As an exercise, transcribe the data below in full and exactly, omitting pictures.
═══ SOURCE MATERIAL ═══
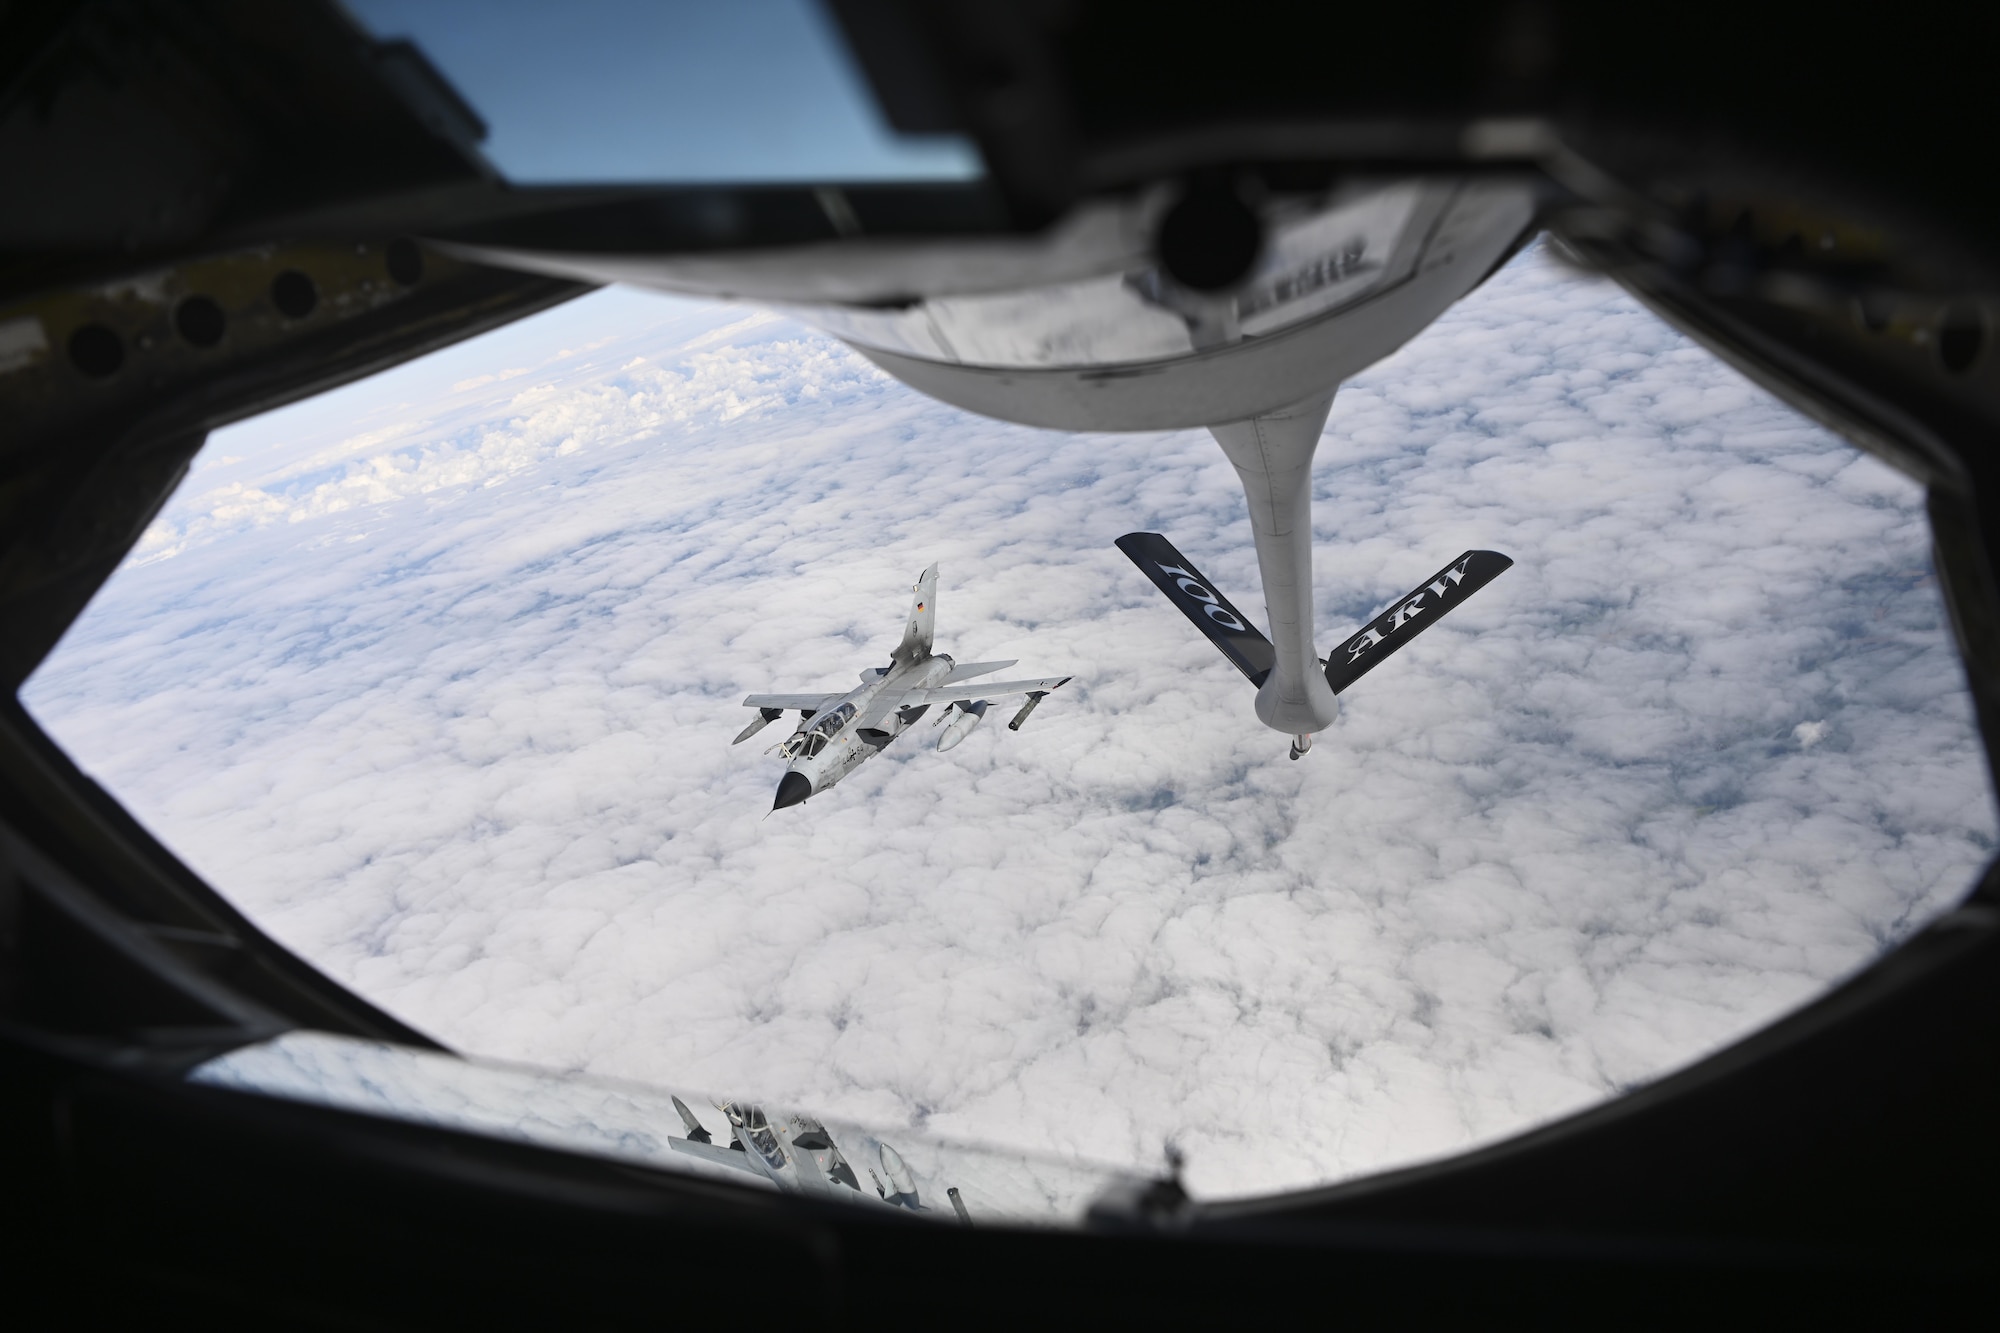 A German air force Tornado aircraft departs after receiving fuel from a U.S. Air Force KC-135 Stratotanker aircraft assigned to the 100th Air Refueling Wing, Royal Air Force Mildenhall, England, over Germany Aug. 2, 2021. Training with European allies enhances the collective security of the continent. (U.S. Air Force photo by Senior Airman Joseph Barron)
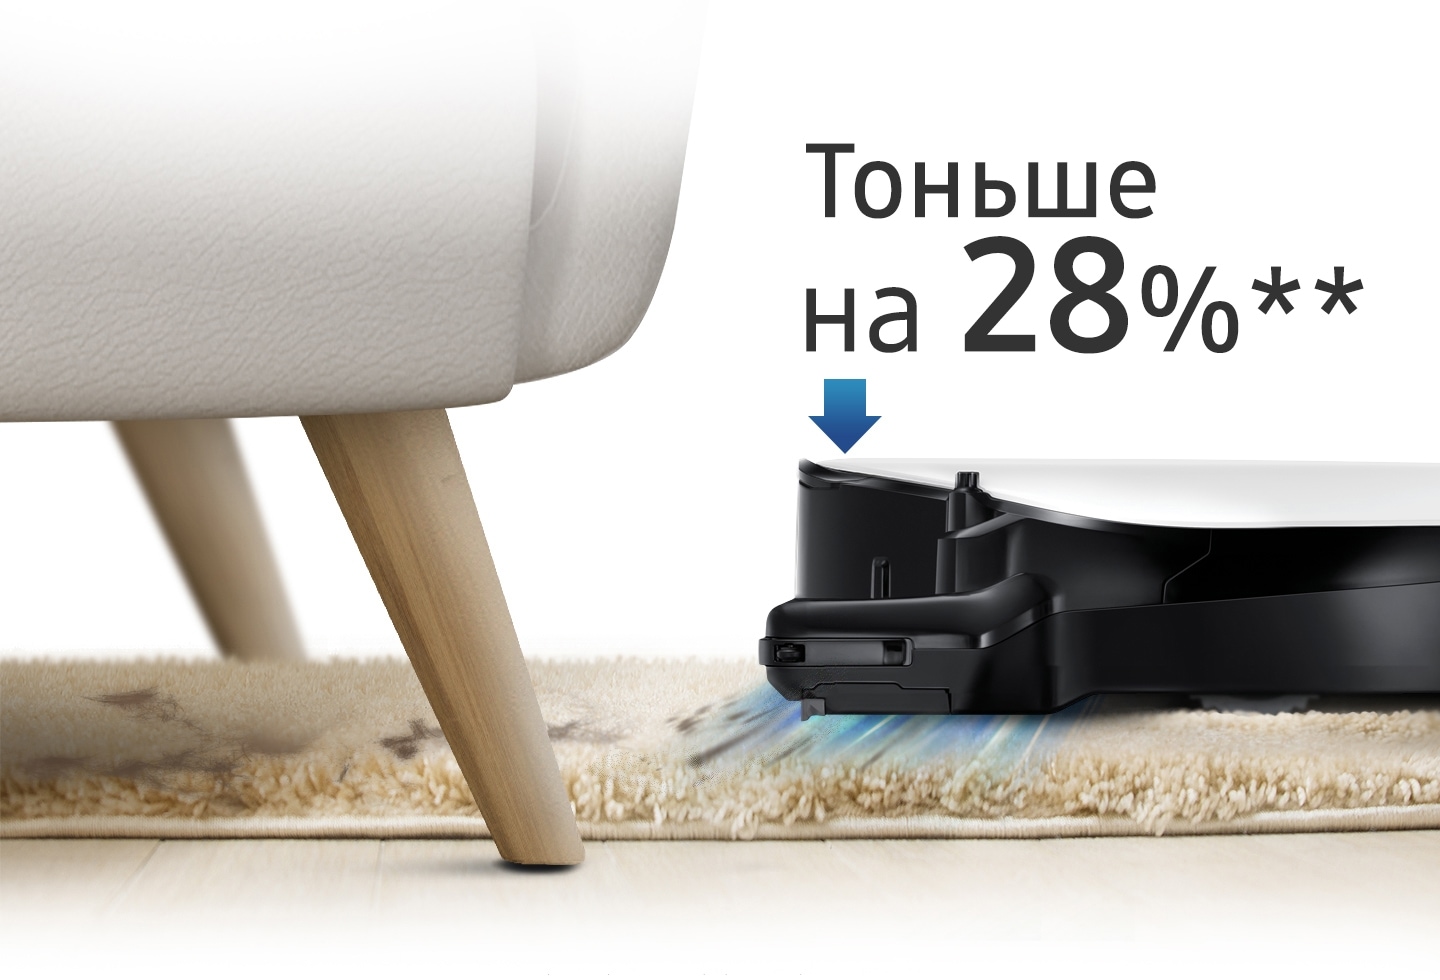 An image showing a POWERbot VR7010 device vacuuming a carpet and cleaning under a sofa, as well as an arrow icon and text that reads '28% slimmer.'
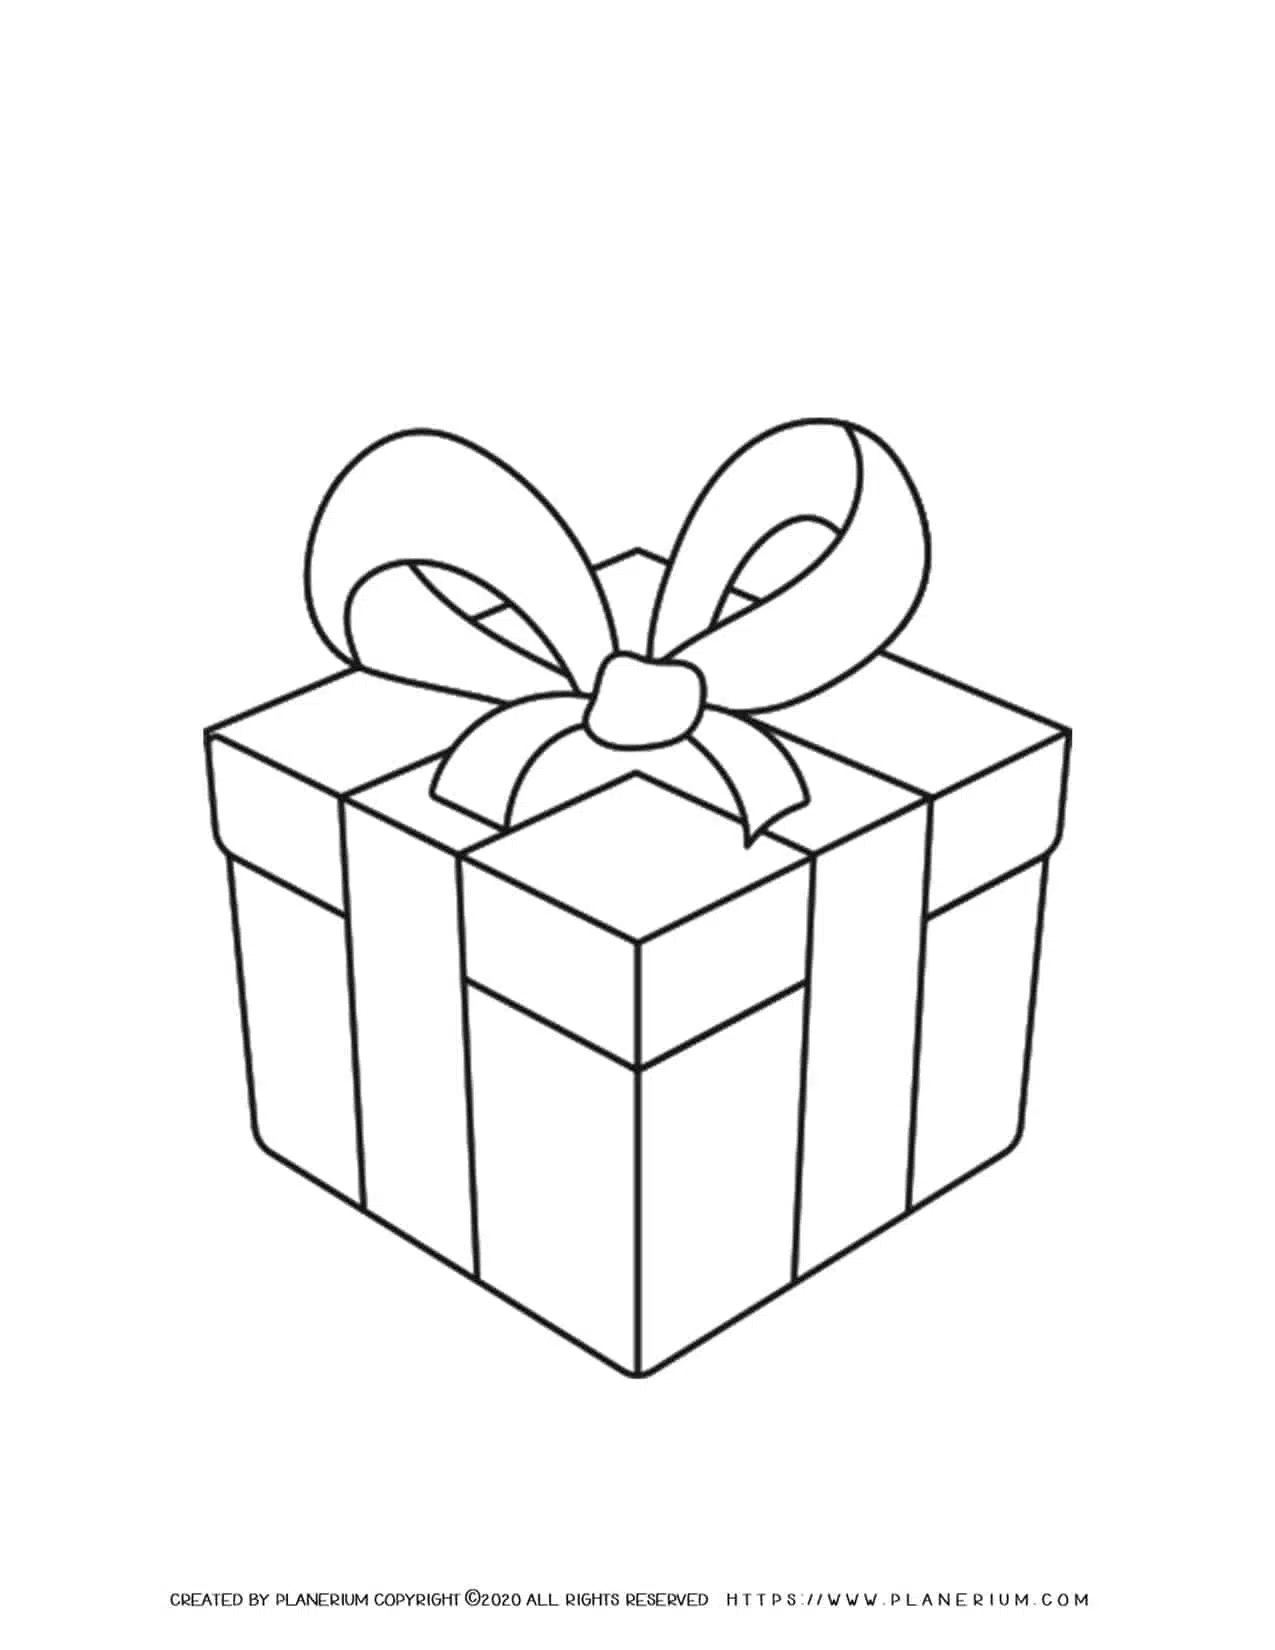 Birthday presents - Coloring Pages for kids
═══
[THE COMPLETED TASK]
 A German air force Tornado aircraft departs after receiving fuel from a U.S. Air Force KC-135 Stratotanker aircraft assigned to the 100th Air Refueling Wing, Royal Air Force Mildenhall, England, over Germany Aug. 2, 2021. Training with European allies enhances the collective security of the continent. (U.S. Air Force photo by Senior Airman Joseph Barron)
 An image showing a POWERbot VR7010 device vacuuming a carpet and cleaning under a sofa, as well as an arrow icon and text that reads '28% slimmer.'
 Birthday presents - Coloring Pages for kids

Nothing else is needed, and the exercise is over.